Google Summer of Code - Ideas List (2016)

Share Last Updated: January 27, 2017

NOTE: Google has not yet selected the 2017 organizations. However, we will be applying to become a GSOC 2017 Org.

Welcome to GSoC 2016. We have been accepted as an organization, and we look forward to working with you this summer.  This year we will be using Slack as the primary medium of communication. Each idea on this page has a mentor assigned. You can find their email addresses on this page. Contact your mentor with the name of the project you are interested in, and they will invite you to our Slack team  ( All communication will then happen on Slack. Discuss the project on Slack, and once you are ready to submit your application, use the template below. You must submit your application directly to our organization using the GSOC Program Site.
1. Building Survival Models from Genomic Data with Google TensorFlow.
Mentor: Lee Cooper (Lee dot Cooper at Emory dot edu)
Overview: Genomic medicine generates high-dimensional descriptions of disease containing thousands of features, yet relatively few features are used in clinical practice to predict patient outcomes. We have developed layered neural network models to predict the survival of cancer patients from genomic profiling.

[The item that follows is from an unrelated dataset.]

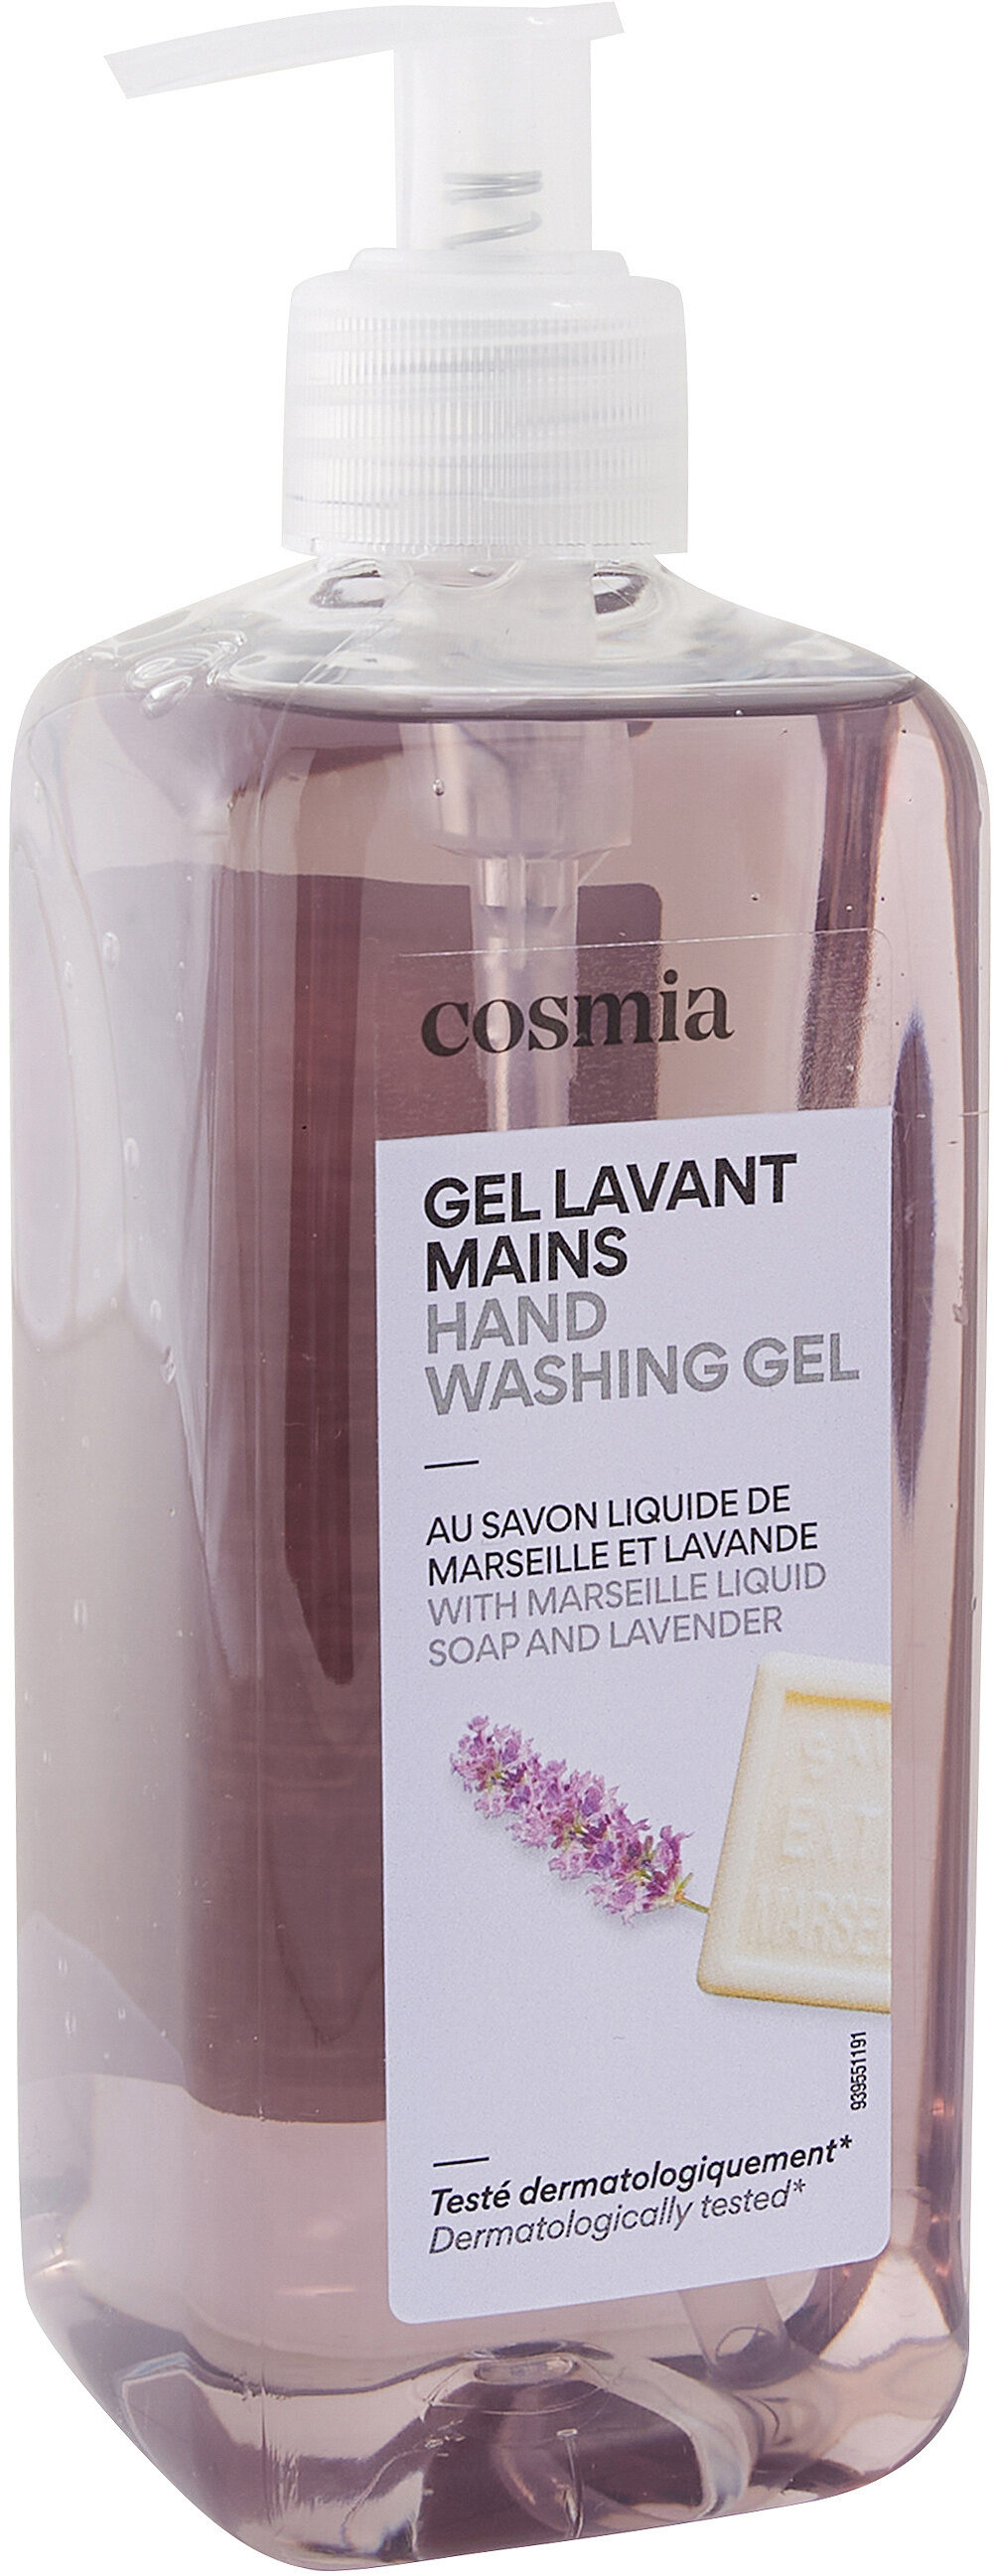 Cosmia savon main marseille et lavande 500 ml - Produit - fr

This project will work to translate these basic prototypes into the Google TensorFlow framework where different models can be explored more effectively. The student on this project will work to translate the code from Theano to TensorFlow, and to develop interfaces that enable users to train models, identify the best models, and generate interpretations of these models with bioinformatics tools.

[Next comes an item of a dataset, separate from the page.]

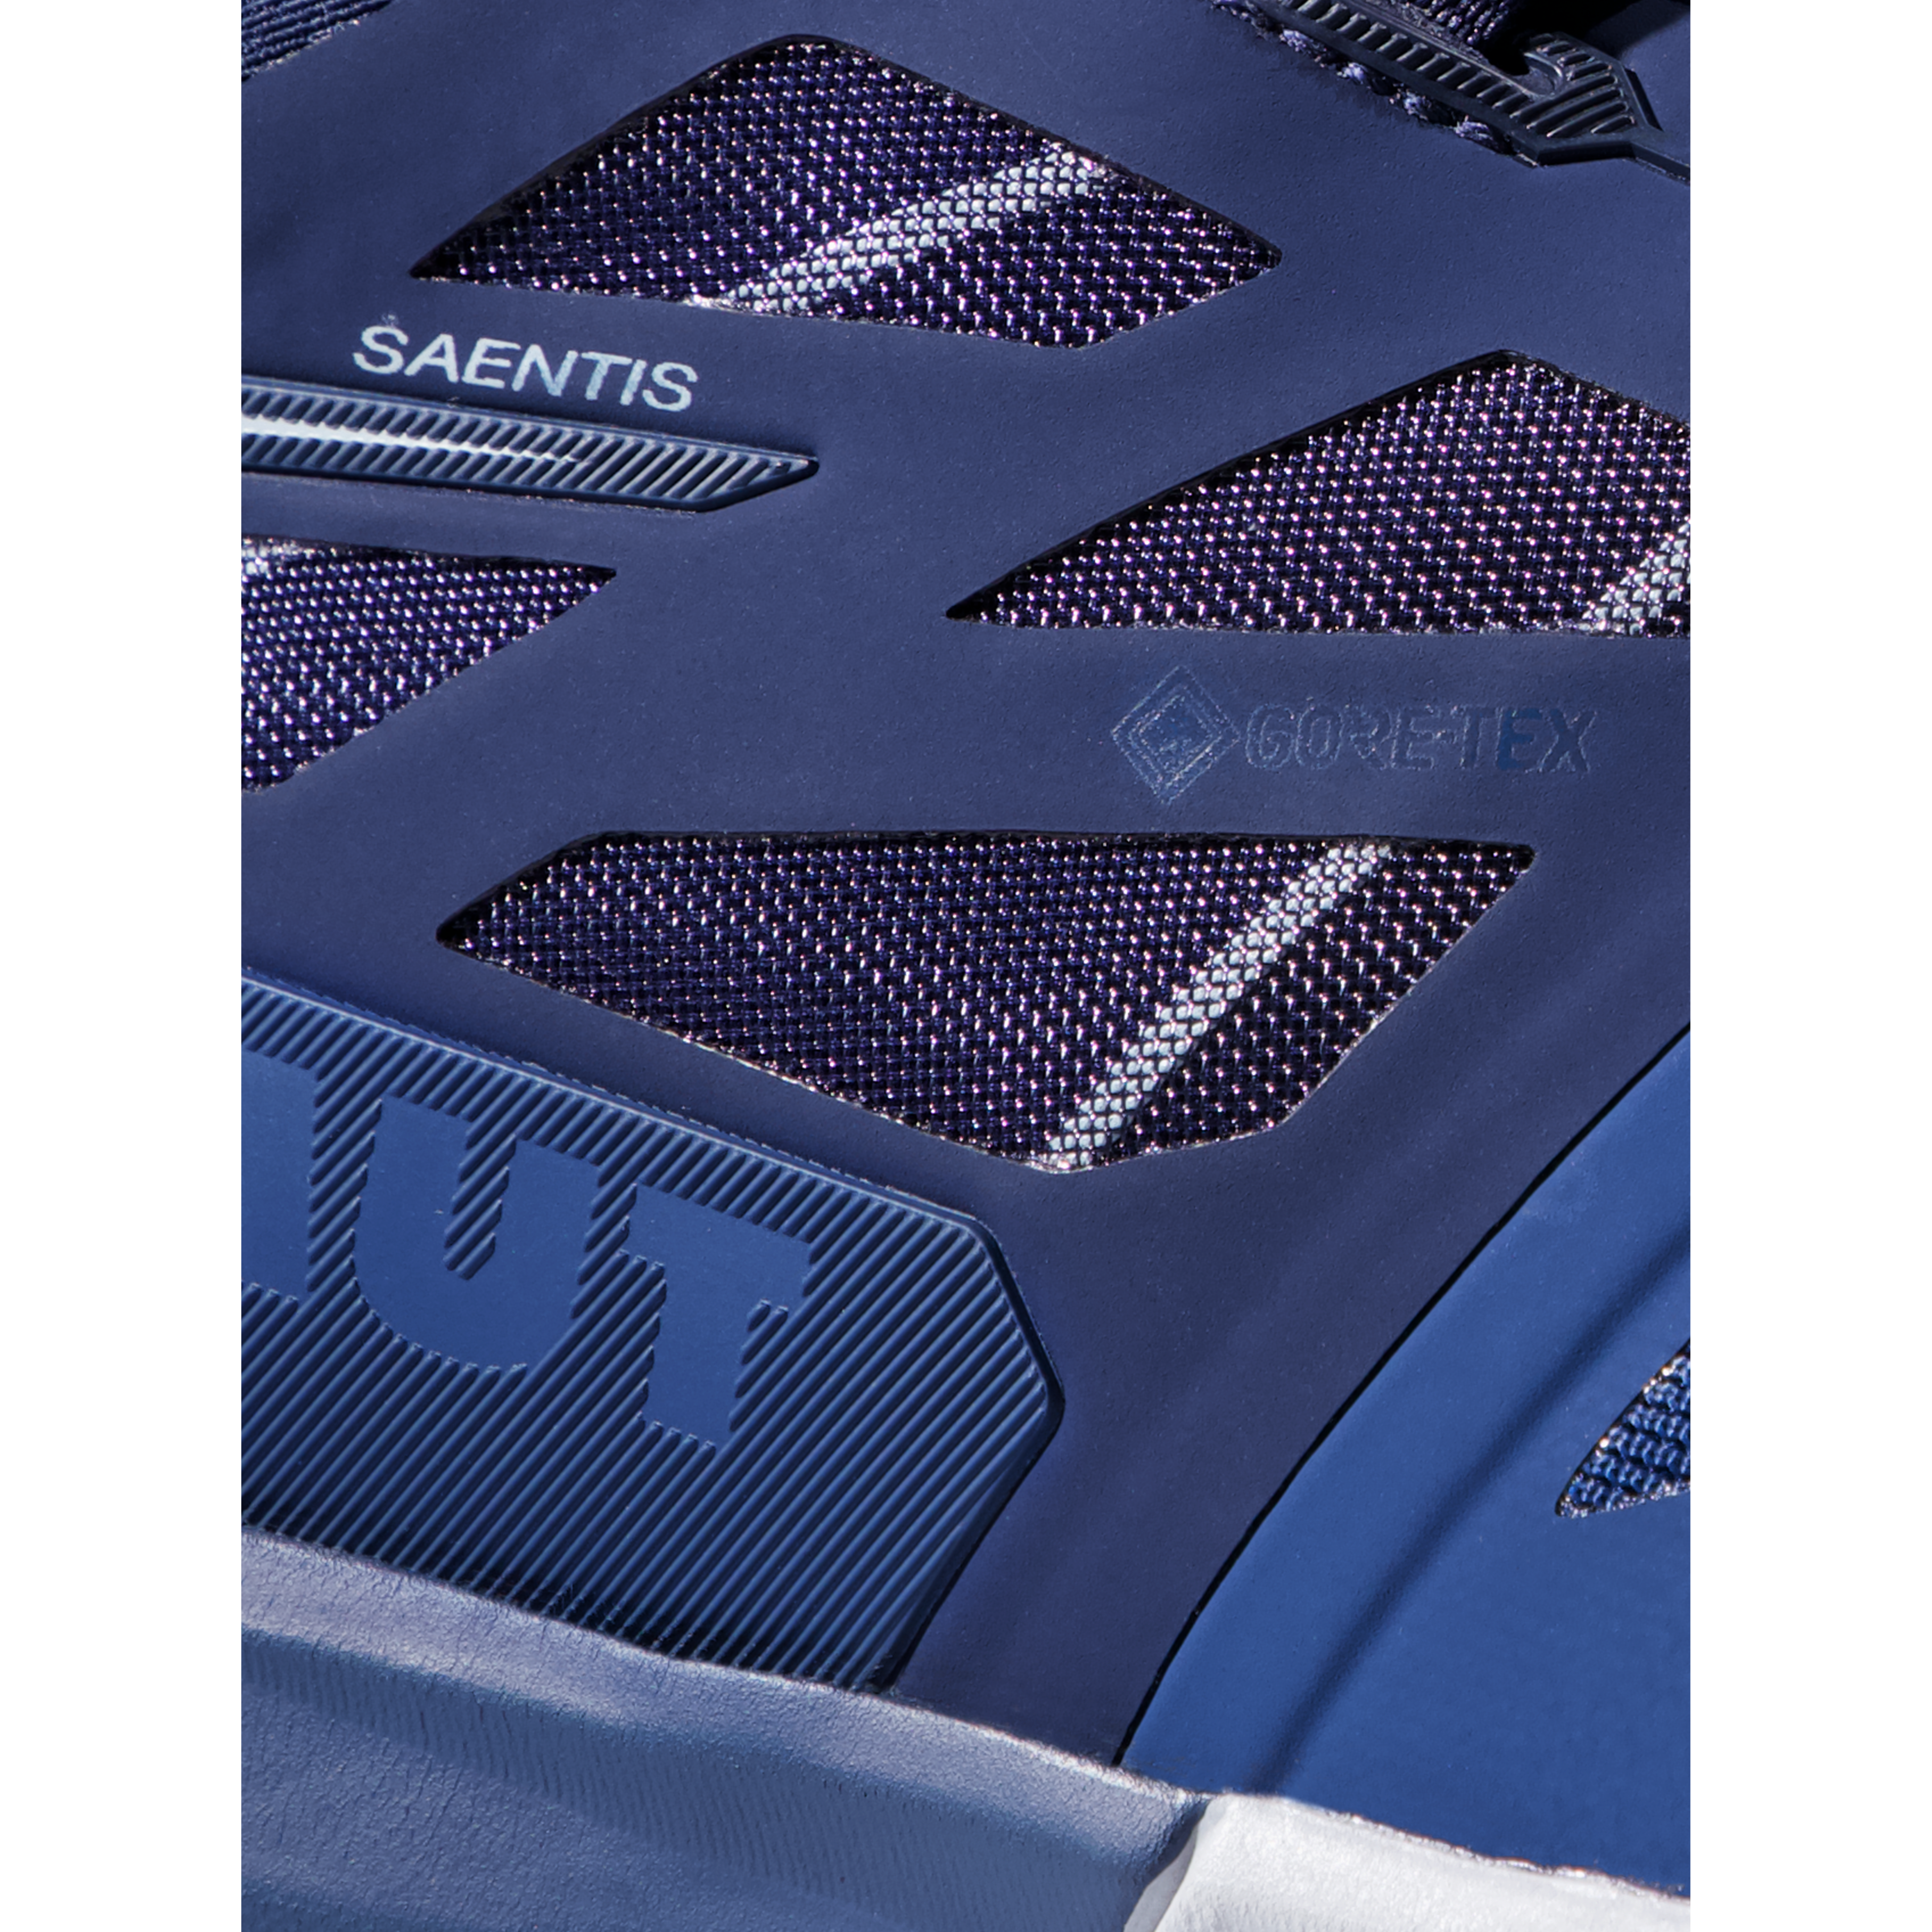 Saentis Low GTX Men product image

2. Tensor Factorization for Accelerating Convolutional Neural Networks (CNNs) in Google TensorFlow
Mentor: Lee Cooper (Lee dot Cooper at Emory dot edu)
Overview: Several studies have shown that the computation time for complex CNNs can be dramatically reduced using factorization techniques, with little impact on prediction accuracy. This project will work on developing C/C++ code for TensorFlow that will enable users to factorize their networks to accelerate CNN prediction. We will focus on the tensor biclustering approach, and work to implement this in C/C++ for integration into TensorFlow. Students interested in this project should have a basic understanding of neural networks and matrix algebra, and be proficient in Python and C/C++ programming.
3. Information Visualizations using Datascope
Mentor: Ganesh Iyer (ganesh.iyer at
Overview: DataScope is an interactive dashboard system for doing exploratory analysis on large biomedical datasets.  Each dashboard is described through a set of 4 JSON files that describe the data sources, the data, the filters and the resulting display. Datascope comes with a few basic visualizations. The system is extendible to support additional data visualizations. The project would involve extending Datascope to support visualizations such as: Parallel coordinates, Choropleth maps, Chord diagrams etc.  Currently the authoring and viewing of the dashboard are 2 separate processes. The project would also involve providing users the ability to dynamically add/change visualizations on runtime.
Requirements: D3, Javascript, React.
4. Realtime Exploration and Visualization of Massive Multidimensional Data with DataScope Using Nanocubes
Mentor: Ganesh Iyer (ganesh.iyer at
Overview: Nanocubes are based on the OLAP data cubes with modest memory requirements. They can be loaded in main memory and perform computations on large datasets for interactive visualizations. DataScope is an interactive dashboard system for doing exploratory analysis on large biomedical datasets. It currently uses Crossfilter for performing filtering. We’ll explore using datacubes/nanocubes to scale Datascope to work with billion point datasets. The project would also involve extending Datascope to allow for adding/removing data sources at run time and to work with streaming data.
Requirements: Node.js, Python
5. Near Duplicate Detection in Medical Image Archives
Mentor: Pradeeban Kathiravelu ( pkathi2 at emory dot edu )
Overview: MediCurator is a proposed framework to find duplicate entries in multiple heterogeneous medical data sources, in a distributed manner. Medical image archives are huge and consist of structured and hierarchical data, which may be accessed by querying the metadata. MediCurator may be considered naturally a component of an efficient and dynamic ETL process for medical warehouse construction. More emphasis can be given to correctness than the performance. However, there will be a trade-off among these variables. Various distributed execution frameworks such as Hazelcast and Infinispan In-Memory Data Grids can be leveraged for the distributed execution of the duplicate detection. In addition to the duplicate detection across the various medical image archives, the second phase of this project looks into consolidating the data to an integrated data base or a data warehouse, eliminating the duplicates from the data sources (SQL and NoSQL databases as well as public medical image sources such as TCIA). Many similarity join algorithms have been proposed in research, which can be extended to operate in a distributed environment.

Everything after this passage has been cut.